Dual-luciferase reporter assay
To evaluate the direct binding of miR-29b-1-5p to circ6401 or the 3ʹ-UTR of RAP1B, the fragment of circ6401 or the 3ʹ-UTR of RAP1B was first amplified by PCR and then cloned downstream of the Renilla gene in the psiCHECK-2 vector (Promega, Madison, WI, USA), which was named as circ6401-wt or RAP1B-wt, respectively. To generate the circ6401, RAP1B 3ʹ-UTR mutant reporters, the seed regions of circ-001971 and the RAP1B 3ʹ-UTR were mutated to remove the complementarity to miR-29b-1-5p, and the resulting constructs were named as circ6401-mut and RAP1B-mut, respectively. Cells were seeded into a 24-well plate. Next, miR-29b-1-5p mimics or NC was co-transfected with the wild-type vector or the mutant vector. Forty-eight hours after transfection, alterations in the luciferase activity were evaluated by the Dual-Luciferase Reporter Assay System (Promega) using firefly luciferase activity for normalization.

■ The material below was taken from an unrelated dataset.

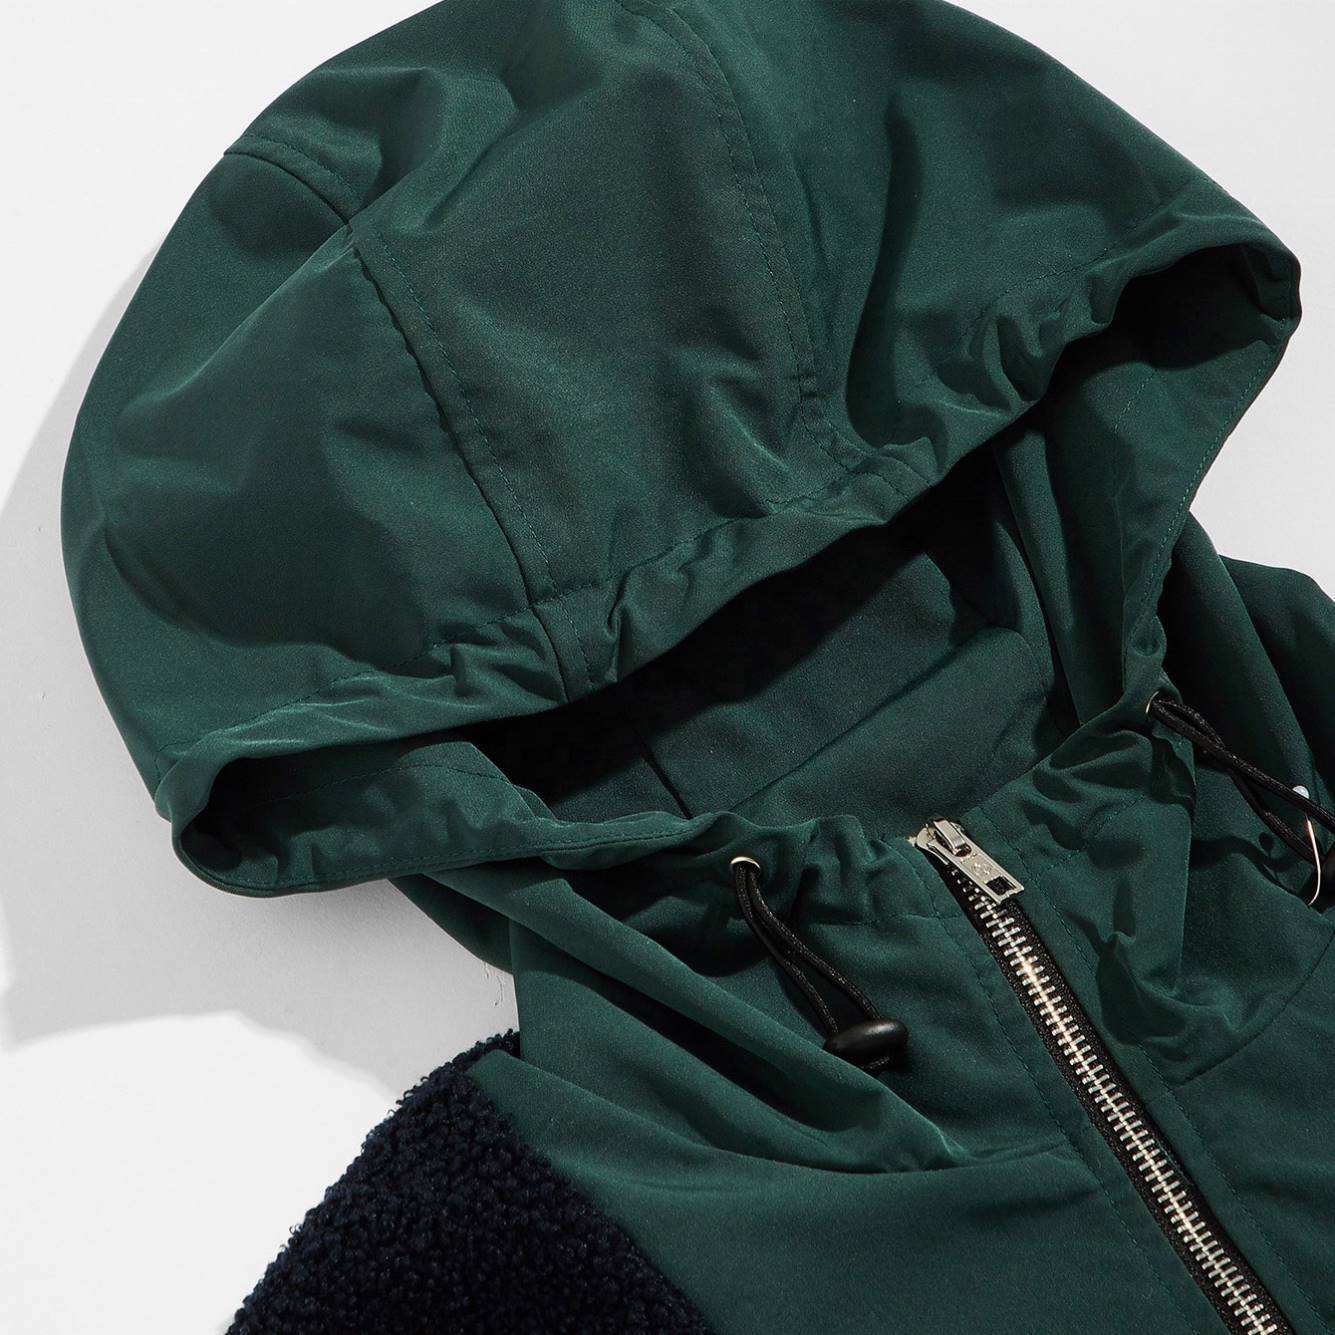 OEM Manufacturer Custom Men's Clothing Fleece Cotton Half Zipper Patchwork Hoodies Pullover Sweatshirt With Big Cargo Pockets

Data were analyzed using GraphPad Prism software (GraphPad Software, La Jolla, CA, USA). Two-tailed Student’s t test was used to assess statistical significance in two groups, and one-way ANOVA with post hoc Bonferroni test was used in three or more groups. After comparison test, the differences were considered significant at p<0.05 or p<0.001.